Leoš Heger (Foto: Filip Jandourek, Archiv des Tschechischen Rundfunks)
Minister Heger ist von der Haltung des Koalitionspartners nicht sonderlich begeistert, aber auch nicht überrascht:

„Die ODS bringt immer wieder zwei Einwände vor. Einerseits sei damit das Risiko verbunden, dass sich die Steuereinnahmen verringern könnten, wenn weniger Zigaretten verkauft würden. Wir glauben aber nicht, dass dem so ist, zumal die Abhängigkeit eines starken Rauchers vom Tabakkonsum wirklich hoch ist. Diese Abhängigkeit lässt sich mit der eines Heroinsüchtigen vergleichen. Der zweite Grund ist der, dass die ODS das Rauchen als eine Art Symbol der Liberalisierung und einer freien Gesellschaft ansieht, in der jeder auch die Freiheit hat, so gesund oder ungesund zu leben, wie er will.“

Foto: Kristýna Maková
Das aber, so der Gesundheitsminister, sei unverantwortlich vor allem gegenüber den Minderjährigen:

„Wir kämpfen nicht vorrangig darum, Rauchern klarzumachen, dass sie ihre Gewohnheiten einschränken müssen, um Nichtraucher nicht zu belästigen.
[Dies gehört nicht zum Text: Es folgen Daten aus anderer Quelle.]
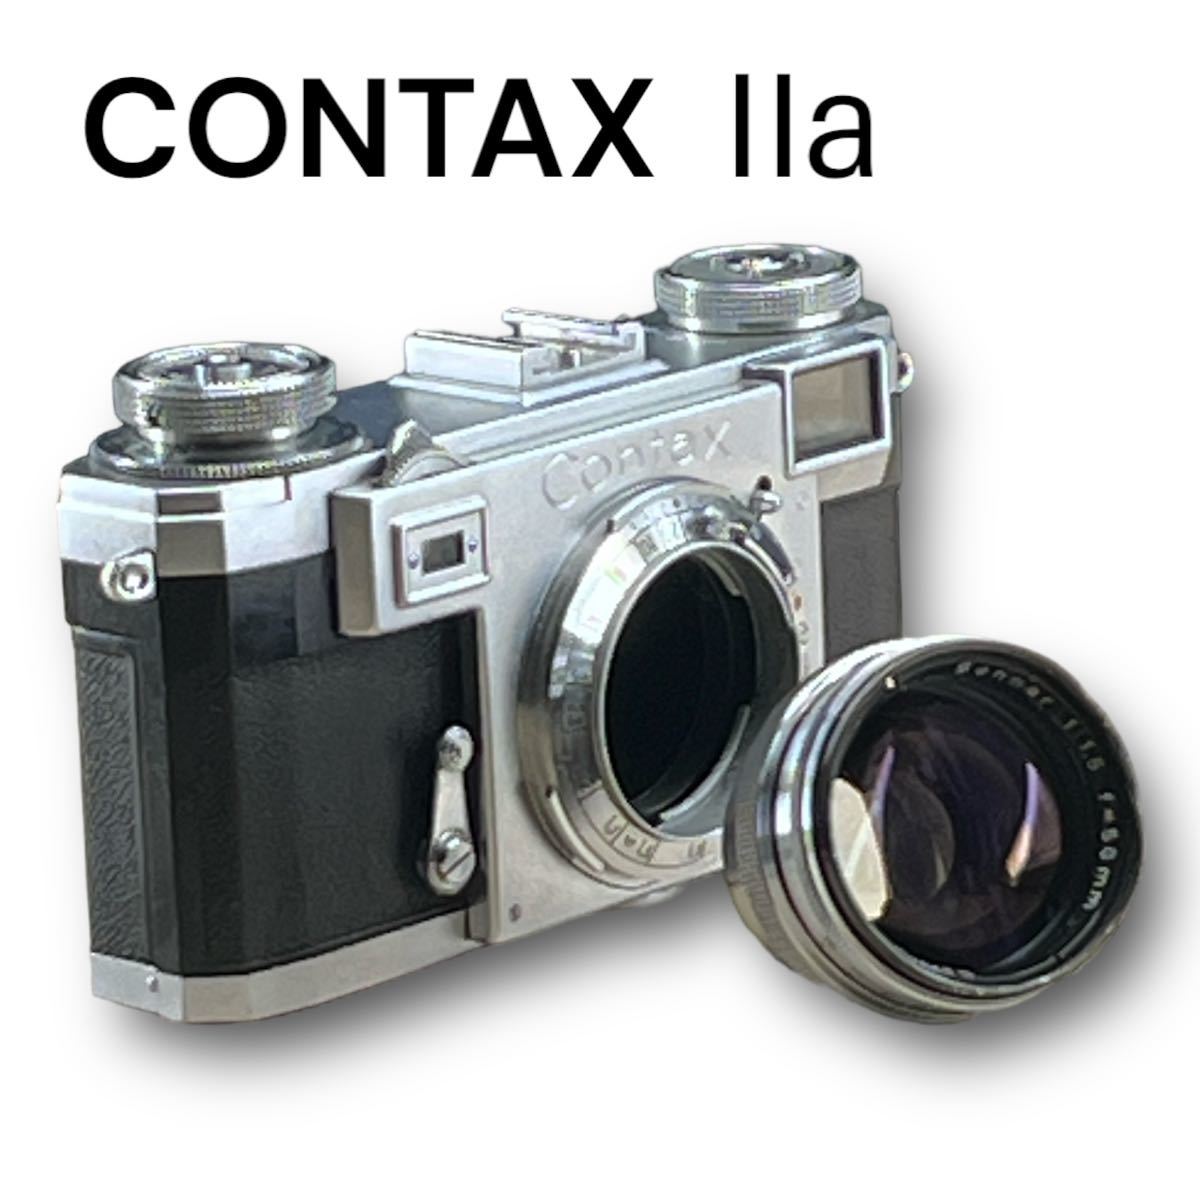 【Zeiss レンズ付属】コンタックス CONTAX 2a IIa おまけのレンズZeiss-Opton Sonnar 50mm F1.5付き_画像6

Es geht vielmehr darum, Sorge dafür zu tragen, dass nicht auch Kinder und Jugendliche rauchen. Denn ihr Organismus wird davon wirklich geschädigt.“

Diese Sorge ist begründet, denn Erhebungen zufolge sind etwa 20 Prozent der 15-Jährigen in Tschechien schon regelmäßige Raucher. Jugendliche halten sich oft und gern in Gruppen auf, Kneipen aller Art sind hierbei ein beliebter Treffpunkt. Auch deshalb will Heger seinen Gesetzentwurf im Parlament unbedingt durchboxen, trotz aller Widerstände:

Foto: Kristýna Maková
„Es muss ständig Druck erzeugt werden in der Hoffnung, dass sich die Gesellschaft erziehen lässt und sich die schlechten Gewohnheiten austreiben lassen. Deswegen sind wir froh, jetzt einen solchen Gesetzentwurf vorlegen zu können. Auch wenn sich uns einige Widersacher in den Weg stellen: Wir wollen uns durchsetzen. Und wenn nicht, dann wurde wenigstens wieder ein halbes Jahr lang intensiv über dieses Thema in den Medien diskutiert. Dies wiederum ist eine der besten Kampagnen, die wir darüber machen können.“

Roto: Barbora Kmentová
Nach Hegers Vorstellung soll das neue Gesetz zum Tabakkonsum schon zu Beginn des kommenden Jahres in Kraft treten. Bis dahin wird es weitere Kampagnen gegen das Rauchen geben. Zum Welt-Nichtrauchertag am Freitag wird die gerade laufende Aufklärungsaktion „Odvykání kouření“ (Abgewöhnung des Rauchens) abgeschlossen.